◆ YOUR GOAL
Starting with the line that holds "Kopari Beauty 2-pc. Clean Deodorant Set" and stopping after the line that holds "Những hình nền", repeat the lines below word for word, without the pictures.

◆ INFORMATION SUPPLIED

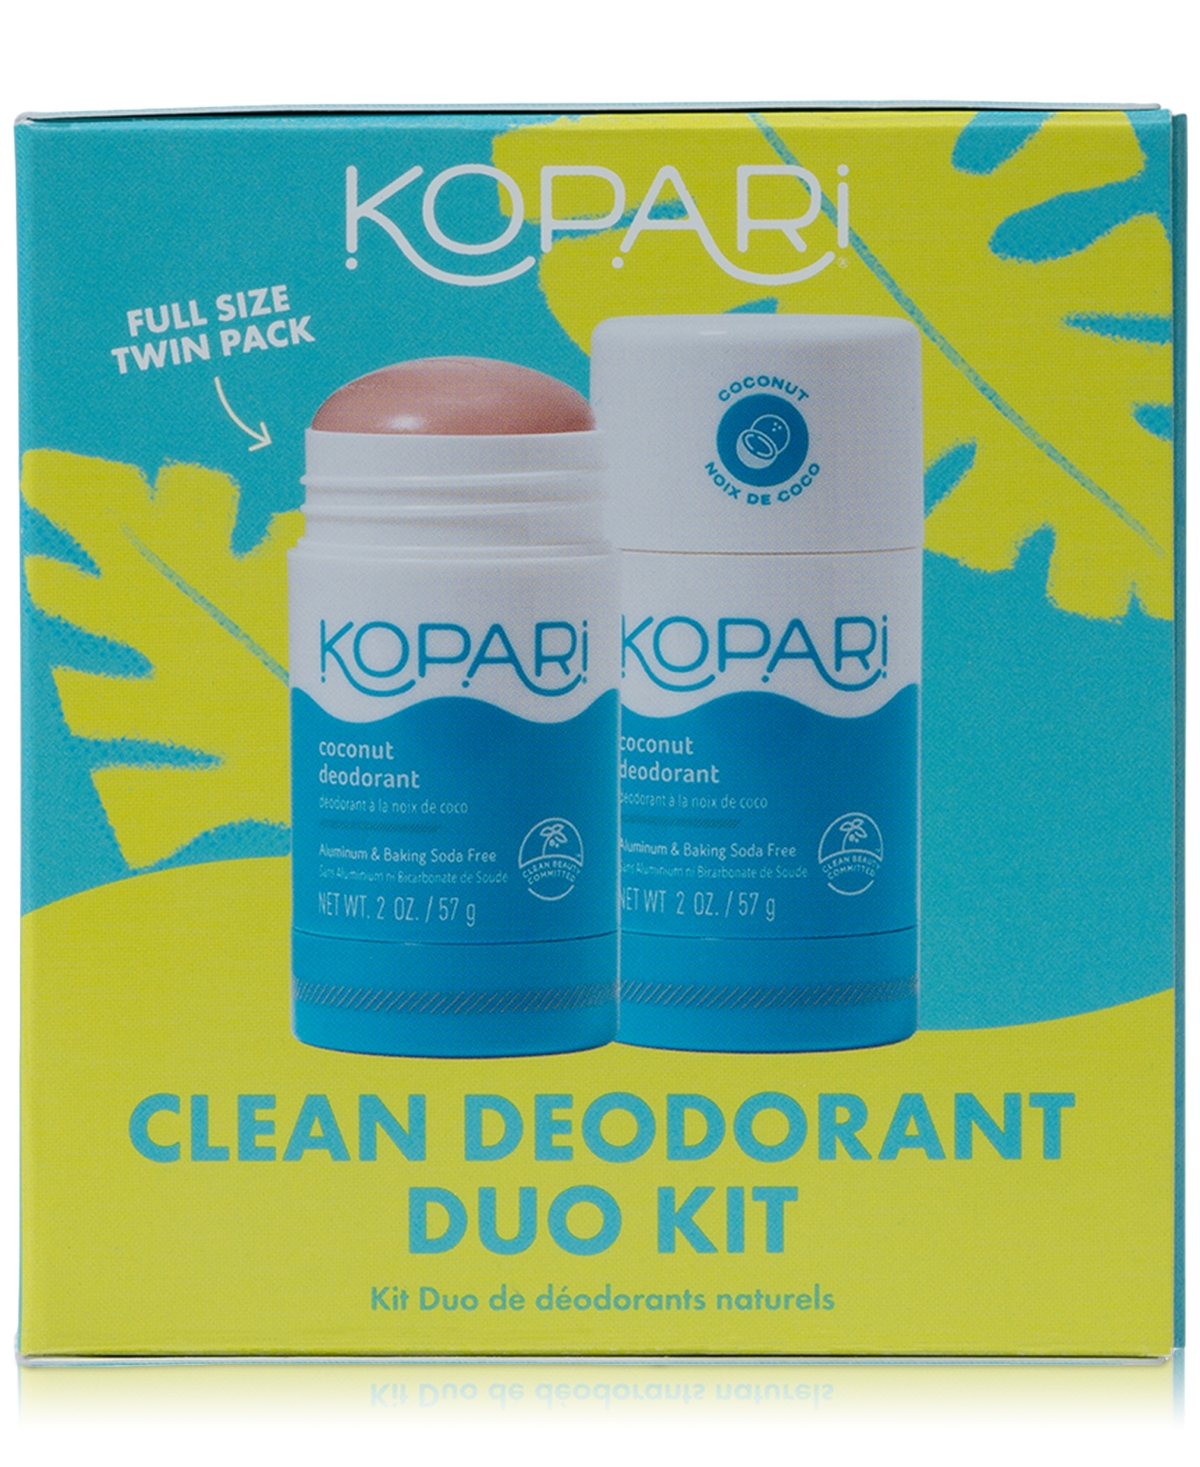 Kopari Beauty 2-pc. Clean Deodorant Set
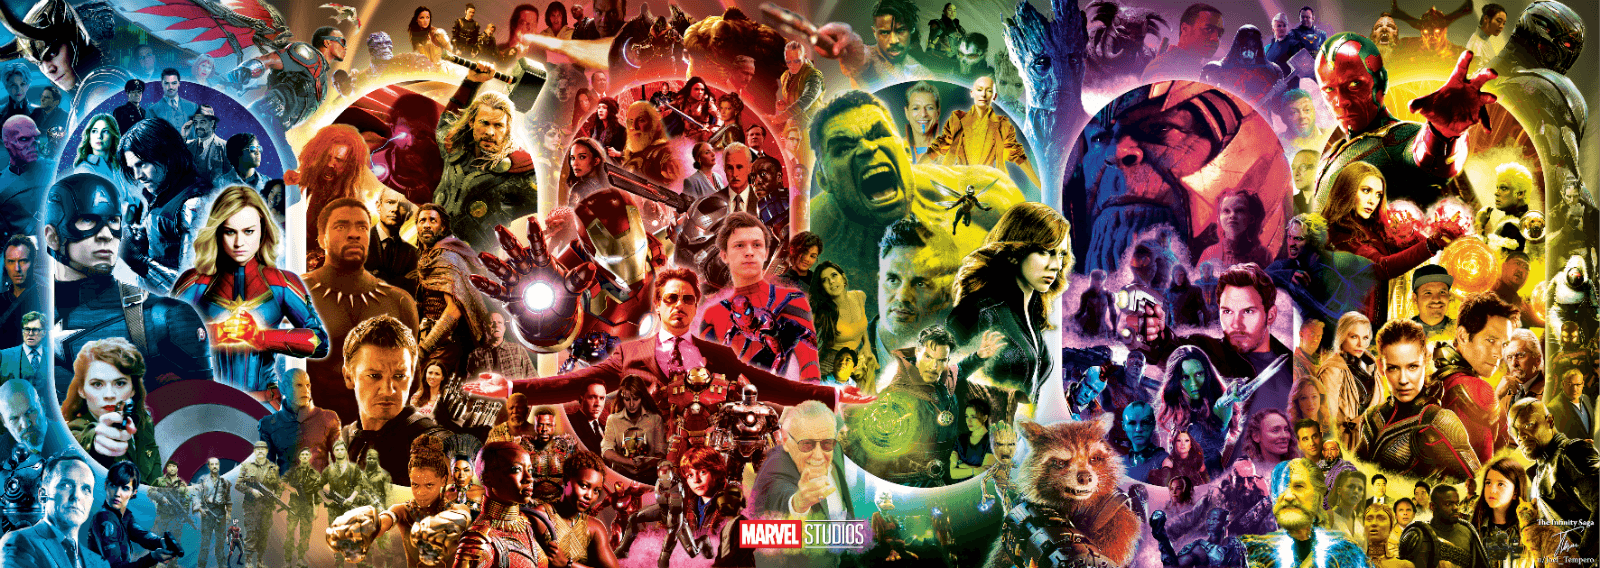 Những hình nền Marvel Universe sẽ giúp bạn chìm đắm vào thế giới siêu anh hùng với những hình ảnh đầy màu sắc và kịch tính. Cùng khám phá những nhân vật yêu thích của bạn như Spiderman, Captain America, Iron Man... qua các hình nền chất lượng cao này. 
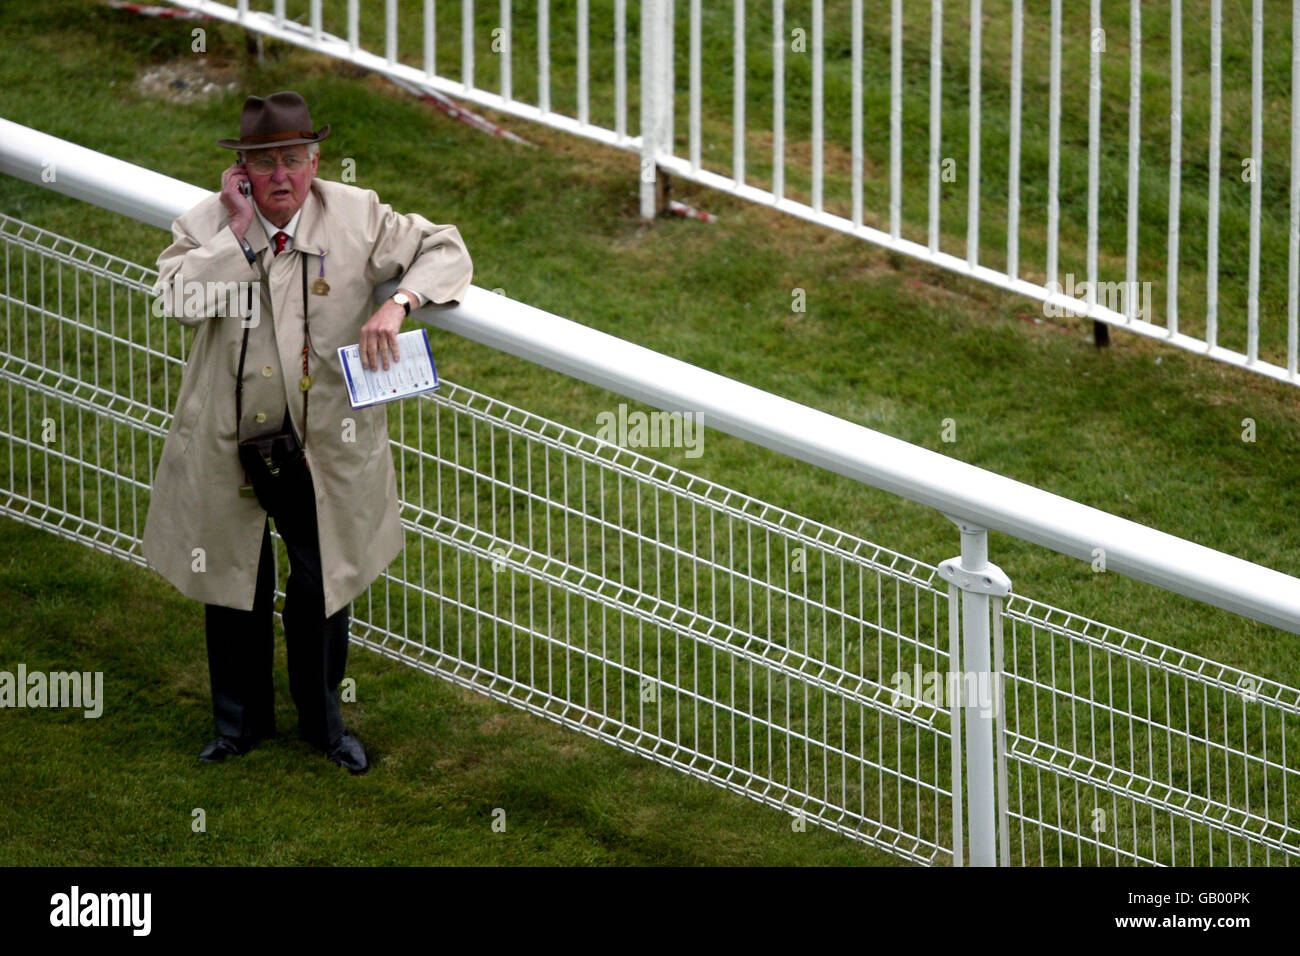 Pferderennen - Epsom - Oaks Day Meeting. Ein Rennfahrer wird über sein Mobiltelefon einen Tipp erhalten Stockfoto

...

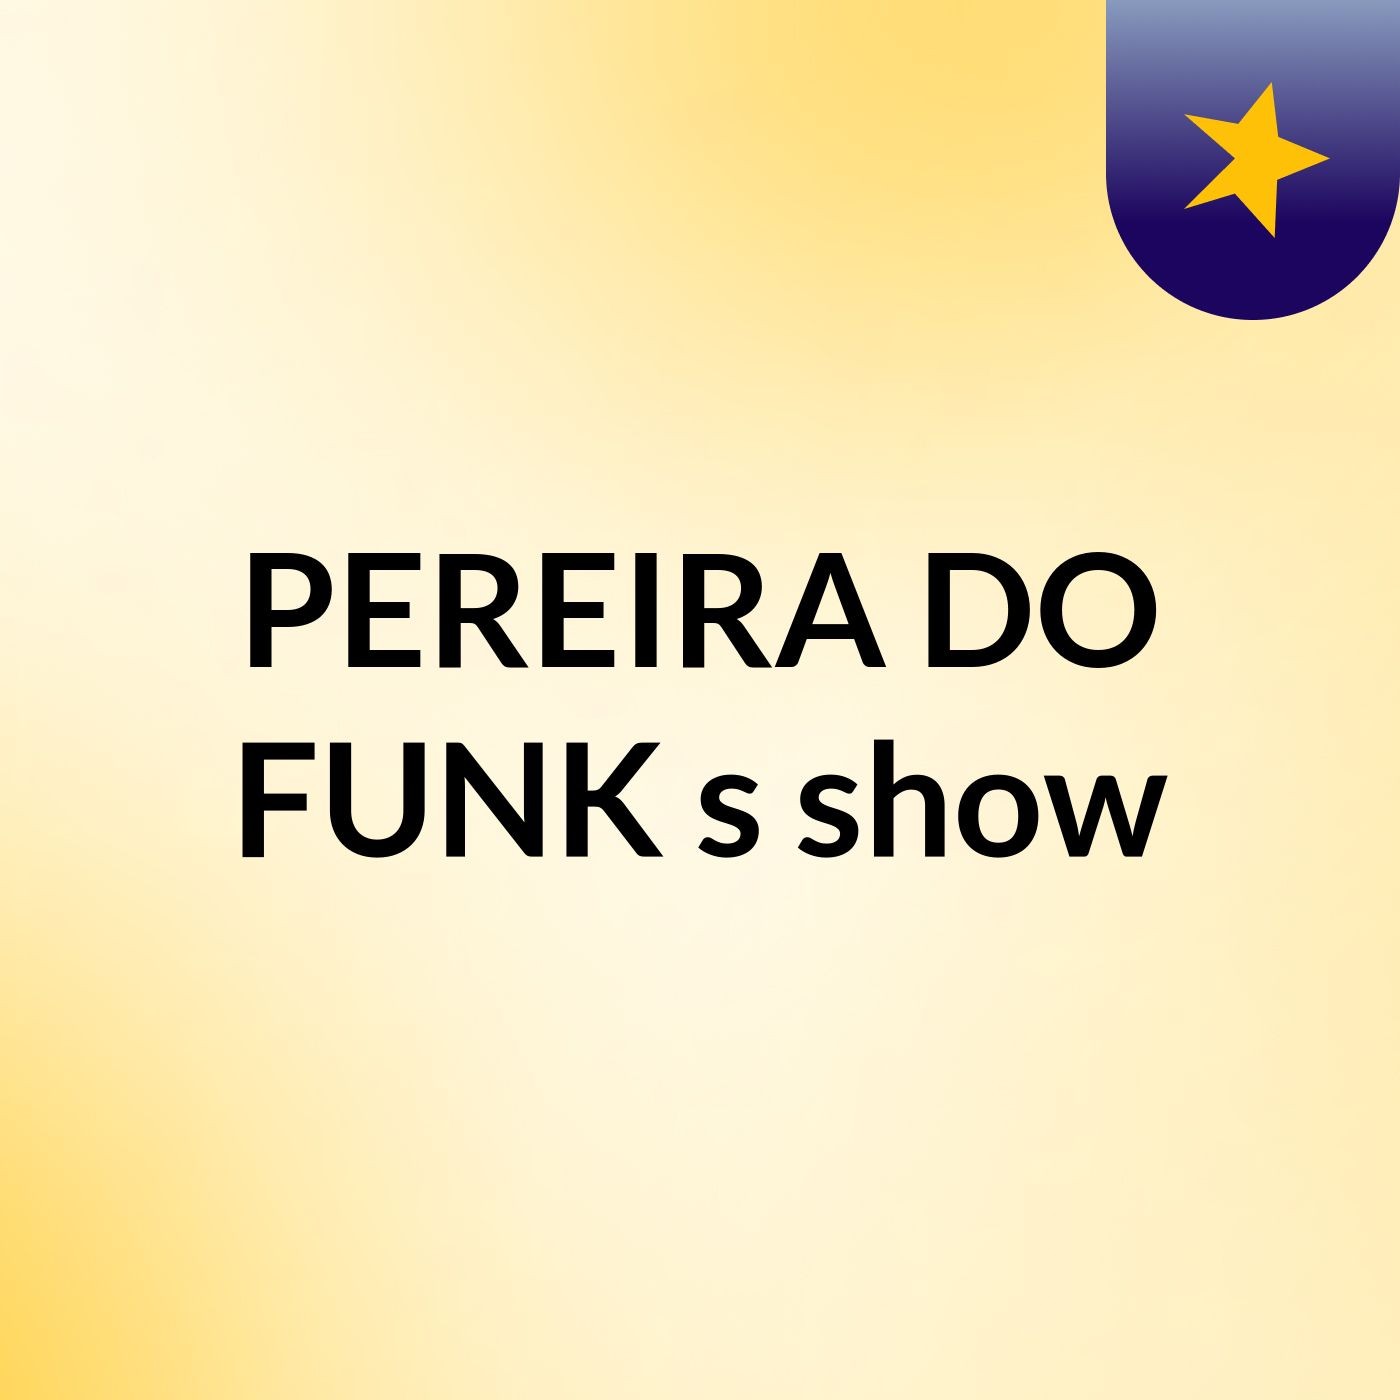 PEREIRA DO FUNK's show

◆ OUTPUT
 Kopari Beauty 2-pc. Clean Deodorant Set
 Những hình nền Marvel Universe sẽ giúp bạn chìm đắm vào thế giới siêu anh hùng với những hình ảnh đầy màu sắc và kịch tính. Cùng khám phá những nhân vật yêu thích của bạn như Spiderman, Captain America, Iron Man... qua các hình nền chất lượng cao này. 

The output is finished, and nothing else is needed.